Out of all of Facebook's US employees, 68 percent are men and 32 percent are women, compared to 2014 where the split was 69 percent male and 31 percent female.
This one percent change for both genders indicates minor progress for the social networking firm, which prompted Maxine Williams, global director of Diversity at Facebook, to say the company is not where it wants to be with its workforce split.
"There's more work to do," she wrote in a Facebook blog post. "We remain deeply committed to building a workplace that reflects a broad range of experience, thought, geography, age, background, gender, sexual orientation, language, culture and many other characteristics."
"It's a big task, one that will take time to achieve, but our whole company continues to embrace this challenge."
Facebook split its gender diversity figures into technology and non-technology divisions. In the former, 84 percent of employees are men, while 16 percent are women, a common trend in the technology industry.
For the non-technology division, Facebook has made more progress in shifting the gender divide; 48 percent of the workforce is male, while 52 percent are female.
In 2014, the split was in reverse, with 53 percent male and 47 percent female non-technology based employees.
In the senior leadership ranks of Facebook the gender divide has a male bias, 77 percent compared to 23 percent female, mirroring figures released in 2014.
Facebook has improved its ethnic diversity this year. While the majority of employees are white, the company now employs a slightly higher percentage of workers from other ethnicities.
Across the entire company's US employees, 55 percent are white while 36 percent are Asian, four percent Hispanic and two percent are black.
Comparatively, in 2014, the ethnicity split was 57 percent white, 34 percent Asian, four percent Hispanic and two percent black.
White and Asian ethnicities are dominant across the company, with the technology division being made up of 51 percent white and 43 percent Asian workers. In the non-technology division, this split is 62 percent white and 24 percent Asian.
Facebook's senior leadership is predominately white, with 73 of high ranking workers being white, in comparison to 21 percent Asian, three percent Hispanic and two percent black.
While Facebook may have improved the diversity gap between white and Asian ethnicities, it appears the company still needs to do more to improve the diversity of its workforce amongst underrepresented minorities such as black and Hispanic ethnicities.
V3 asked Facebook how its plans to address this problem, but the firm had nothing to add beyond the blog post.

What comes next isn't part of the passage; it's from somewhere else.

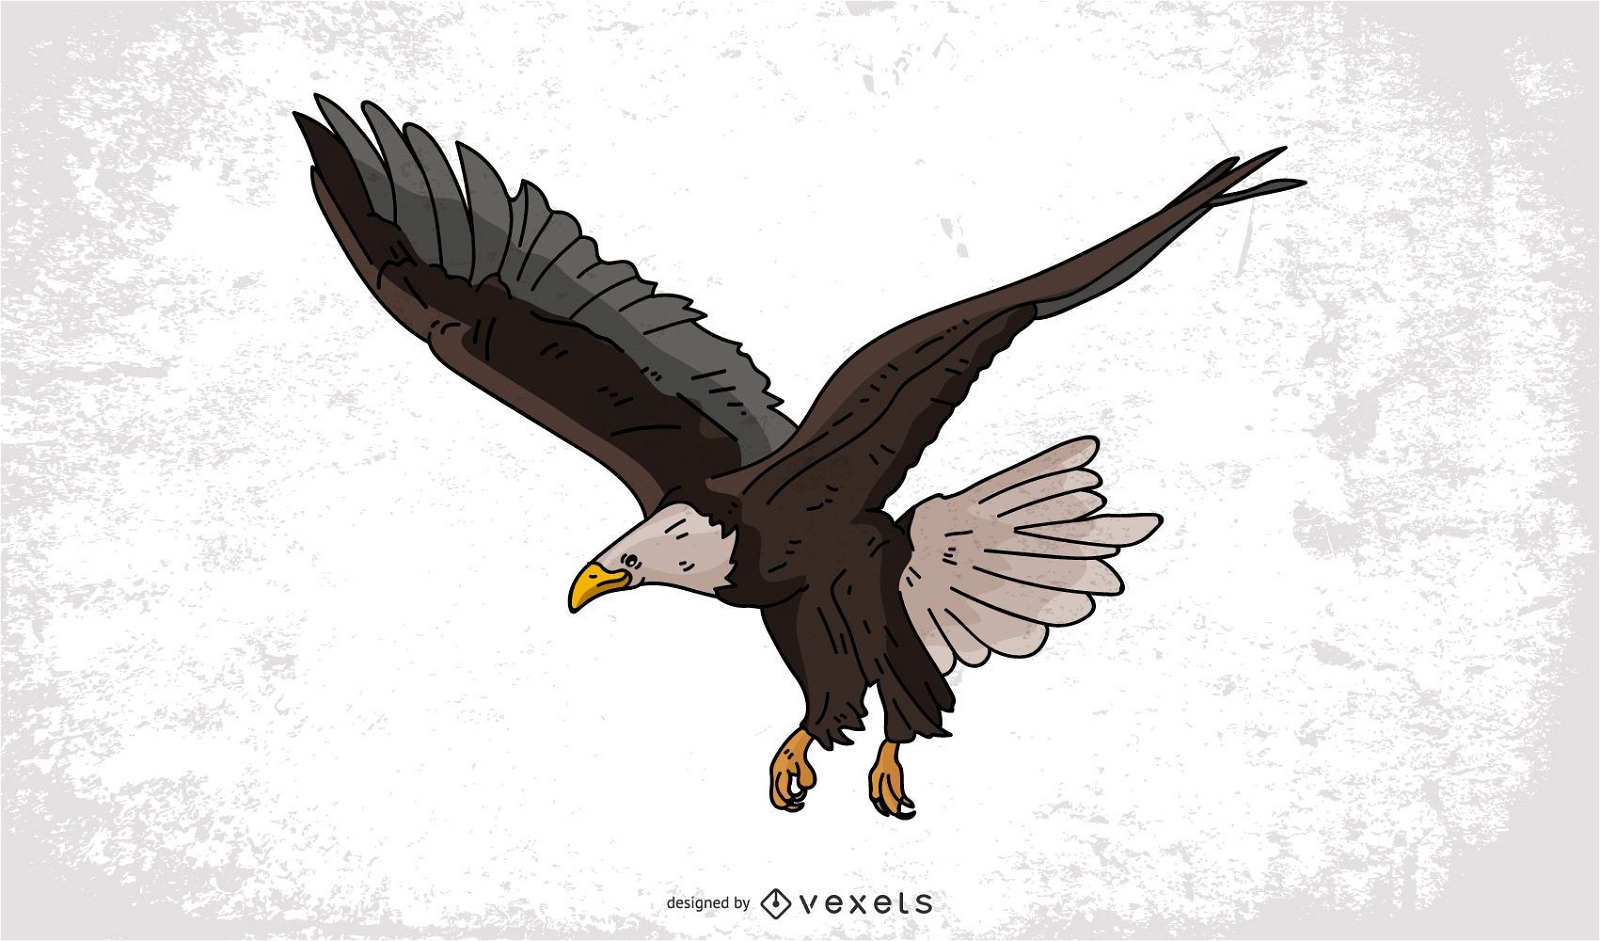 cartoon eagle drawing

Workforce diversity is a subject several major technology companies are taking on board, including Intel, which has pledged $300m to create a more diverse workforce by 2020.
Authors view: It is positive to see Facebook taking action to address diversity in its workforce, and to open up its figures for public scrutiny.
But it is abundantly clear that it will require a significant amount of effort and time for the firm to move from a white male-dominated company into one with a better gender balance and more ethnic diversity.
Nor is Facebook alone in this challenge. The technology industry on the whole is awash with male workers from mostly white and Asian ethnicities, while others are underrepresented.
This is an issue the industry needs to consider closely, as it is less a case of diversity for the sake of it, and more a need to gain an insight into the needs, interests and preferences of cultures and races not widely represented in the technology world.
This knowledge is valuable for companies who wish to reach new markets and develop new products, as with ethnic and cultural variety comes a diversity in thought, potentially leading to increased innovation, which is the lifeblood of the technology industry.